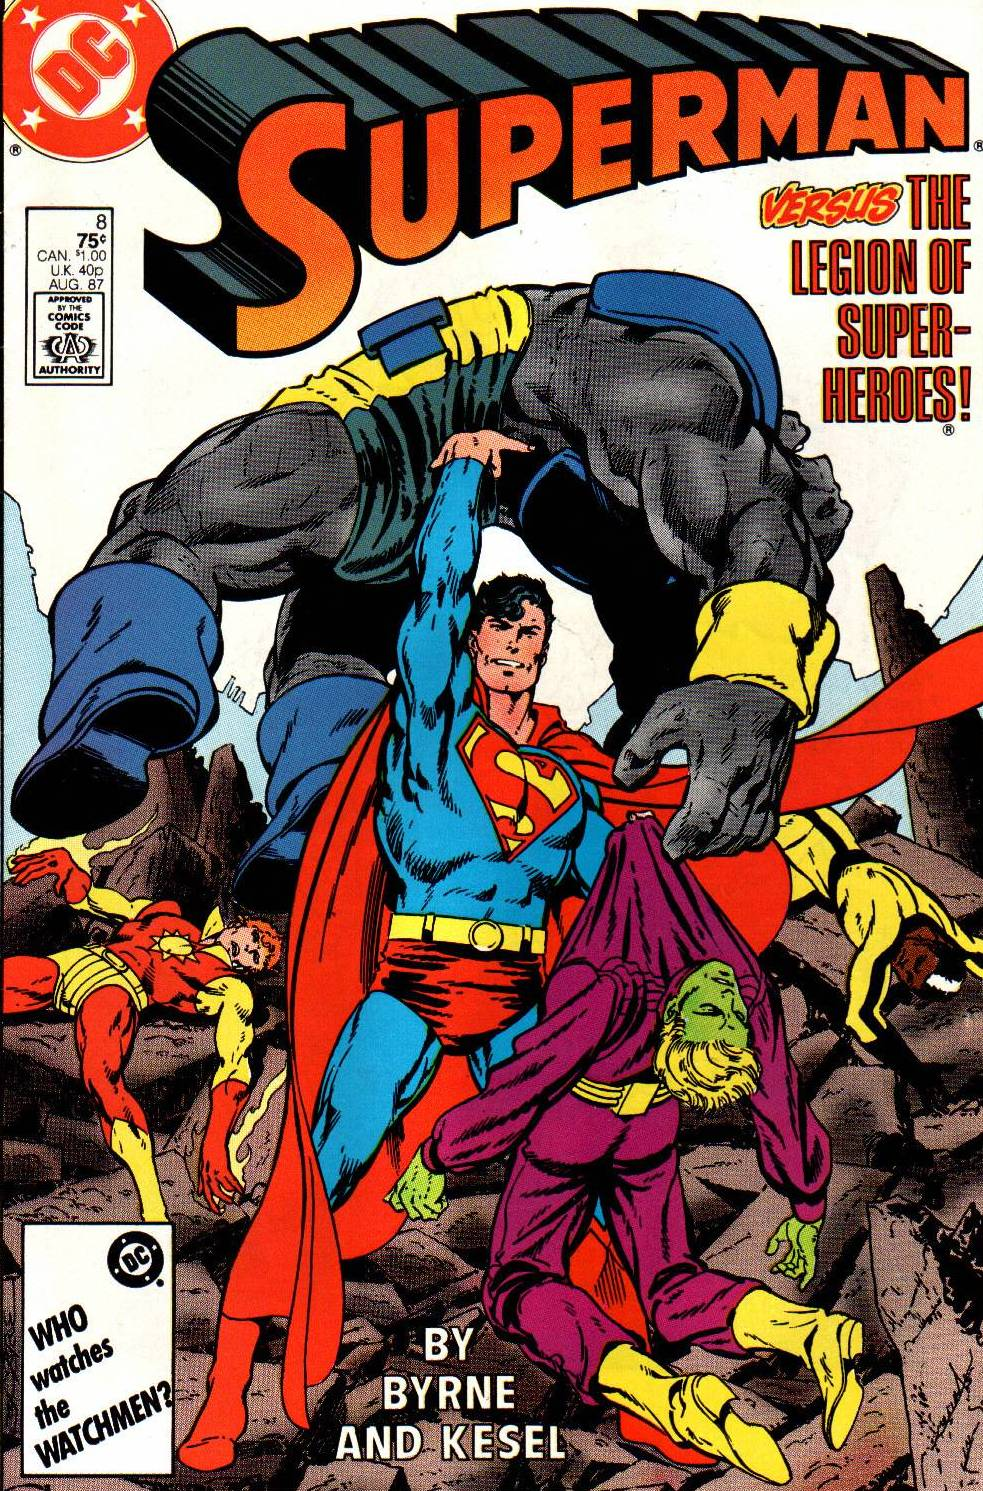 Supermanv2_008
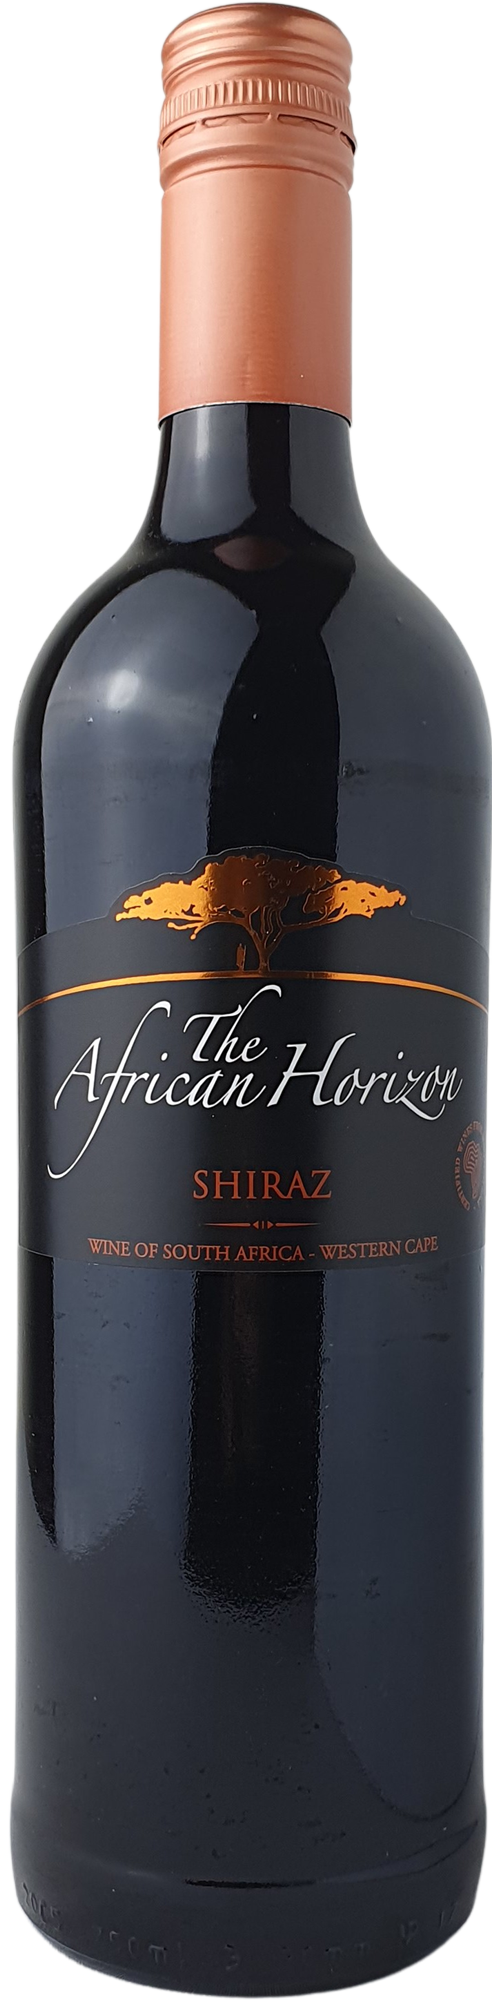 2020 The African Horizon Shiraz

━━━━

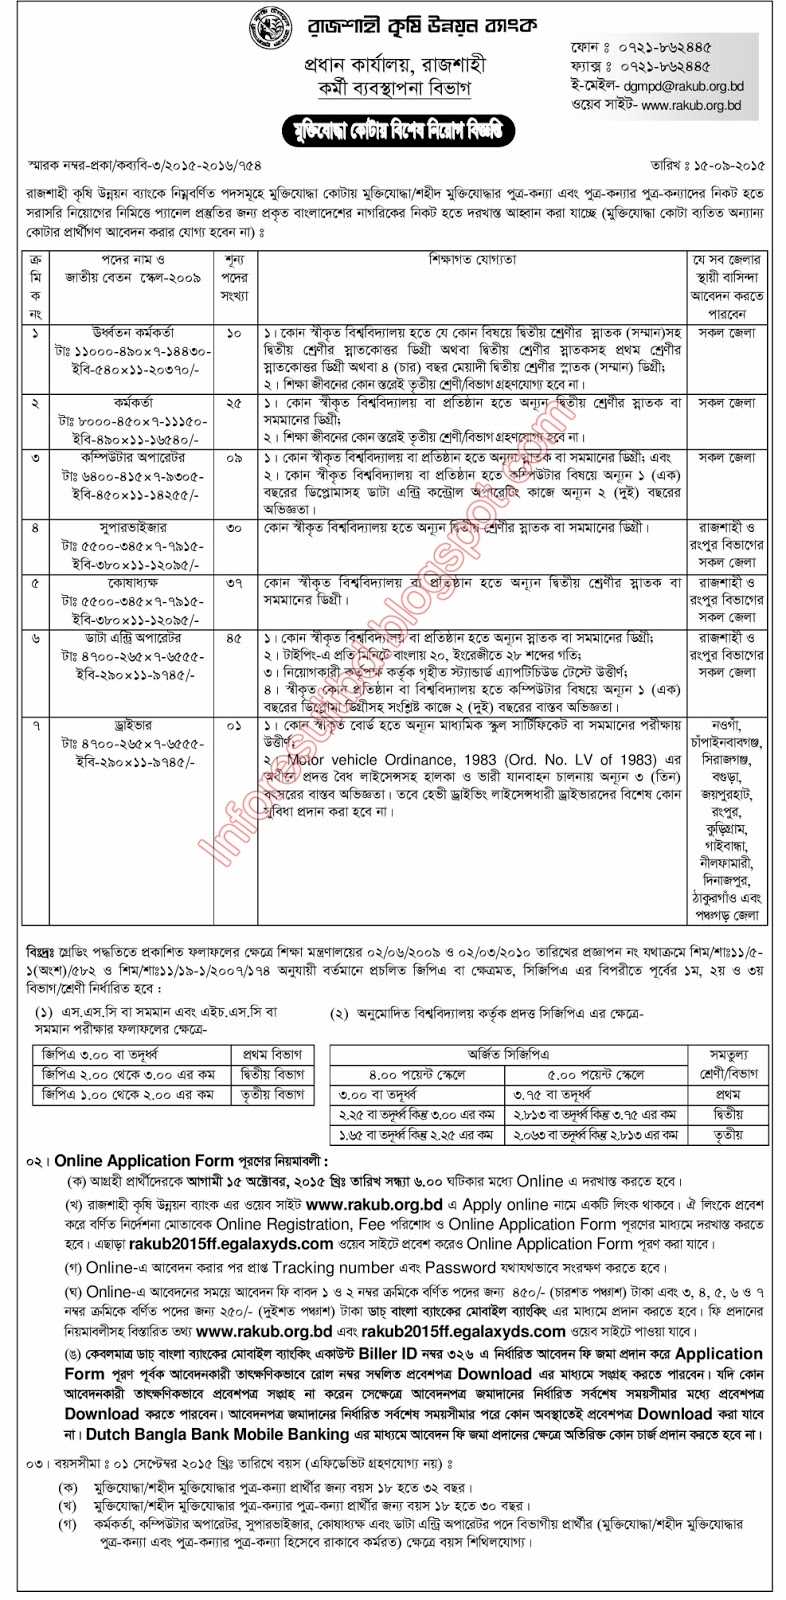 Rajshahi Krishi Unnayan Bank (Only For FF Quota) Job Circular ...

━━━━

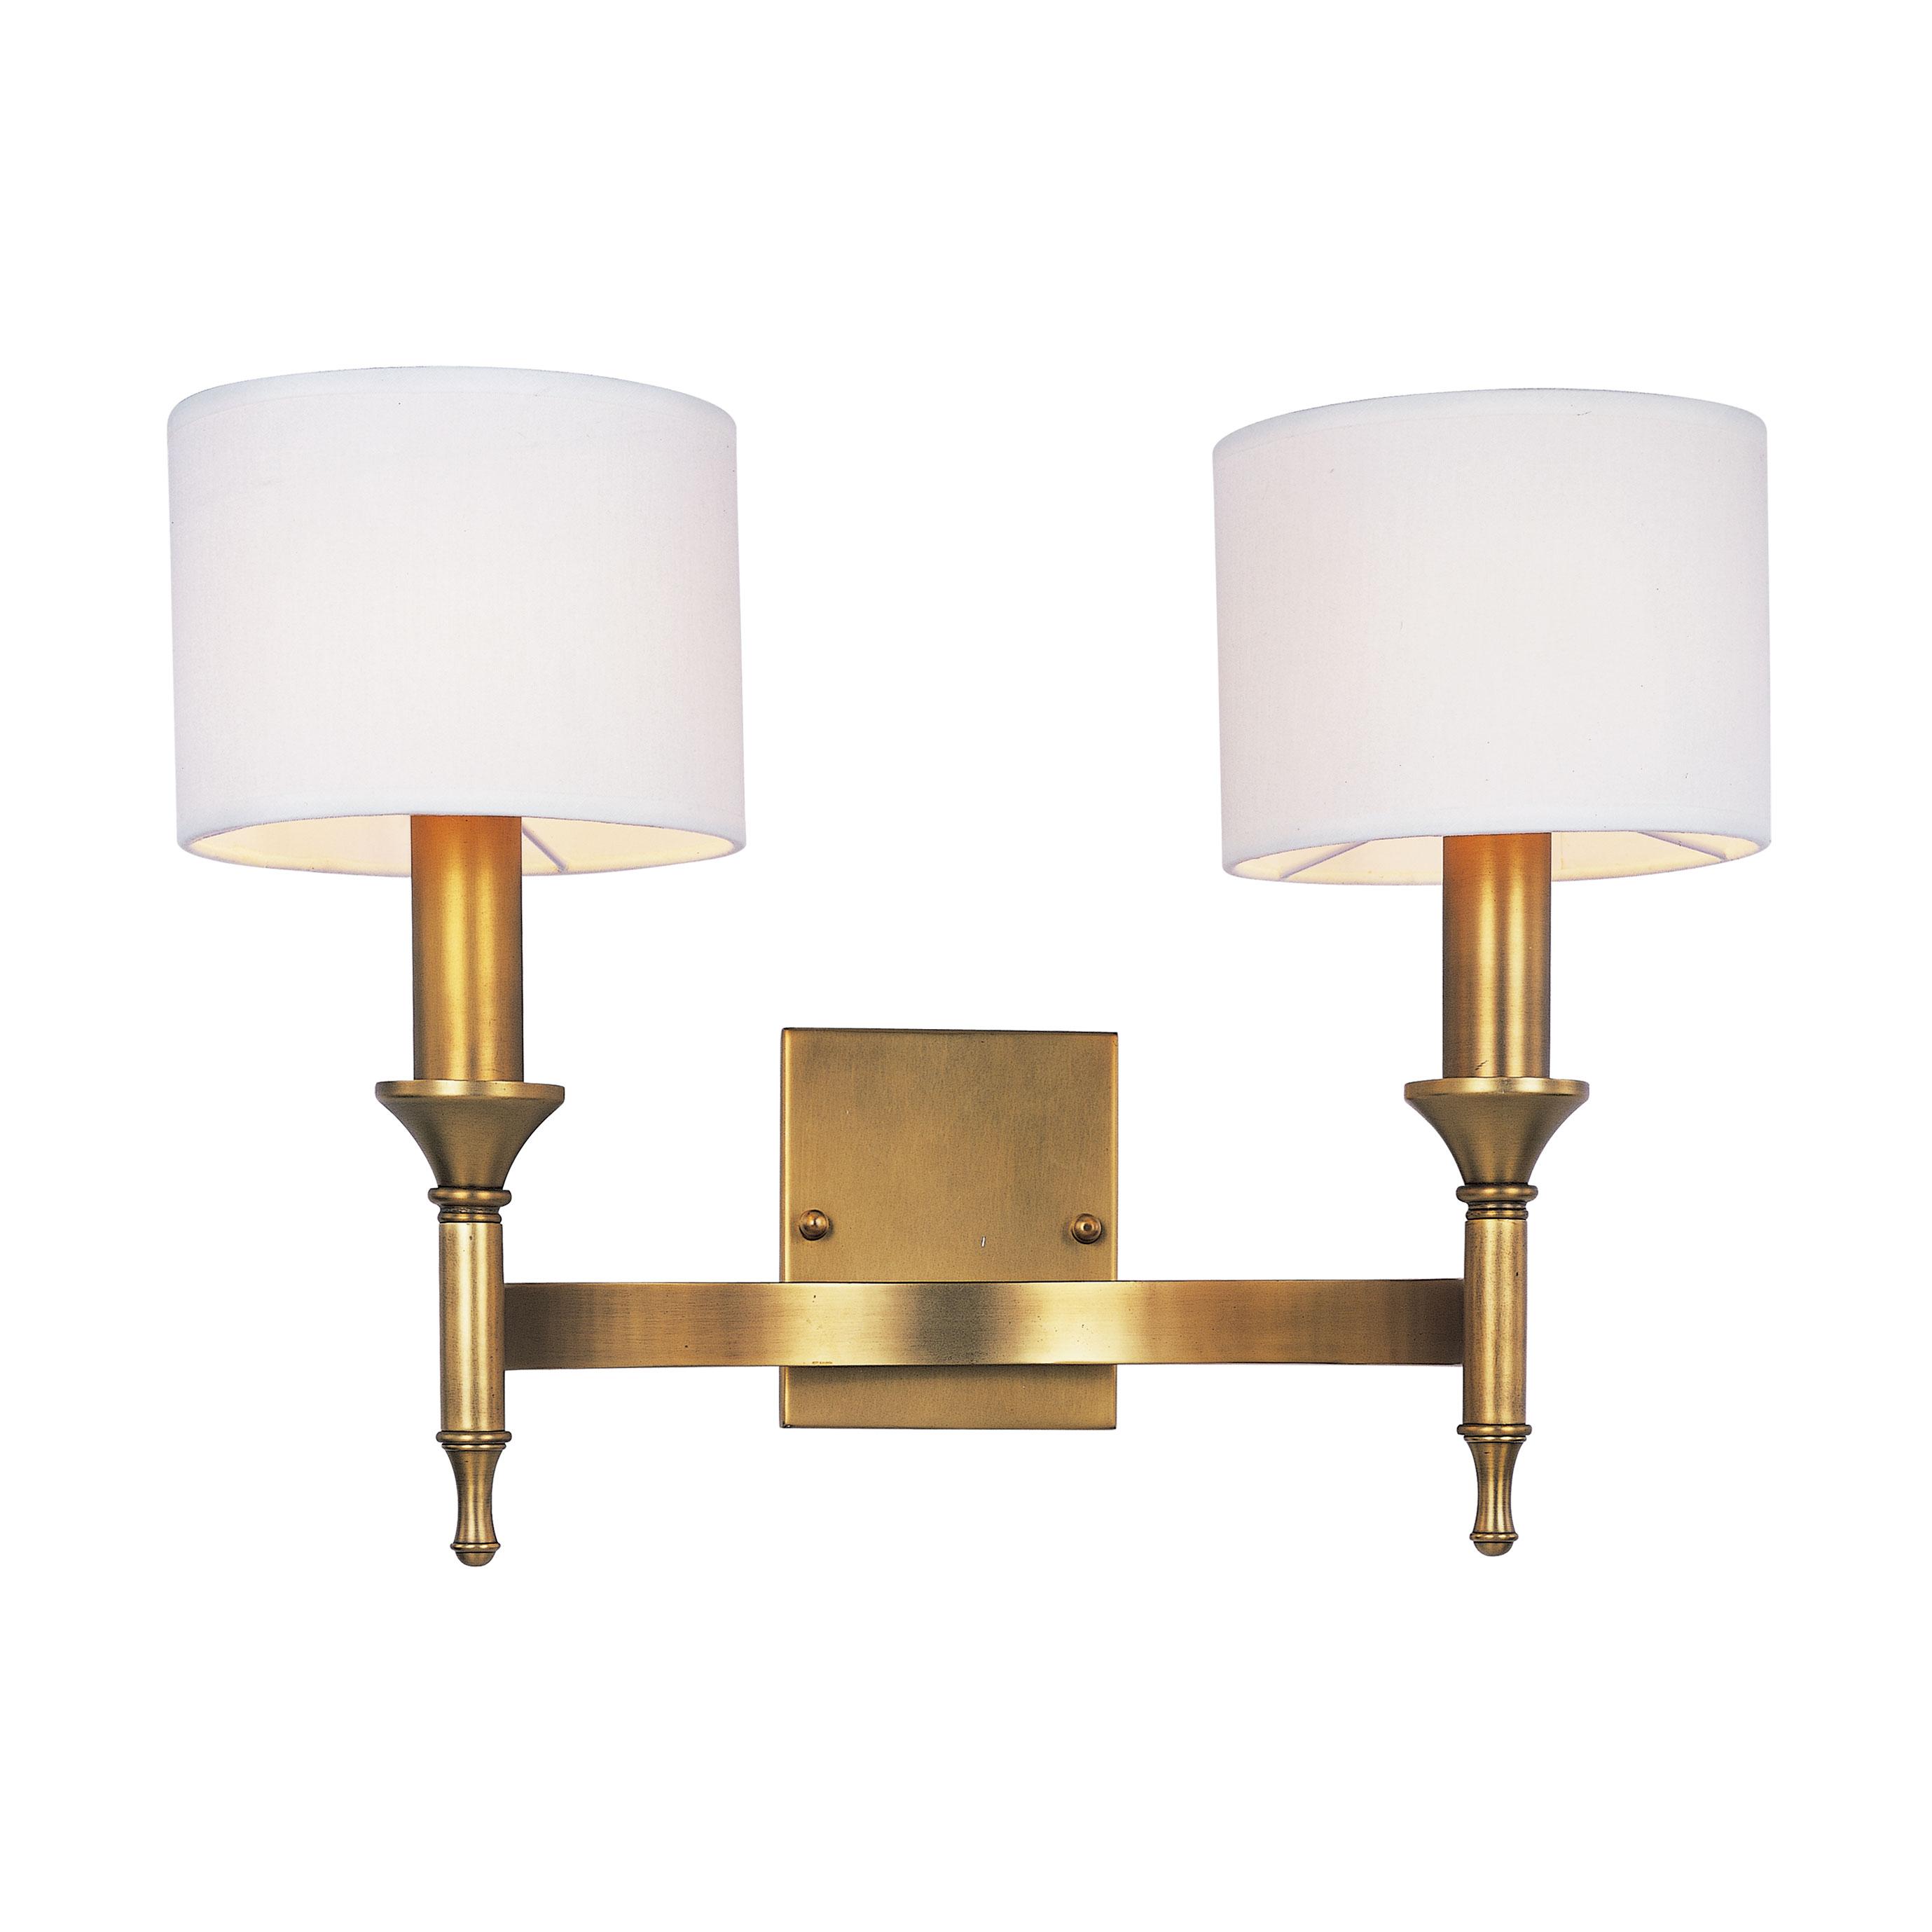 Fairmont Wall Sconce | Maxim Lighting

━━━━

### PROBLEM DETAILS
For the data above, set down exactly the lines from the line with "Supermanv2_008" to the line with "2020 The African Horizon Shiraz", both included, leaving pictures out.

### PROBLEM SOLUTION
 Supermanv2_008
 2020 The African Horizon Shiraz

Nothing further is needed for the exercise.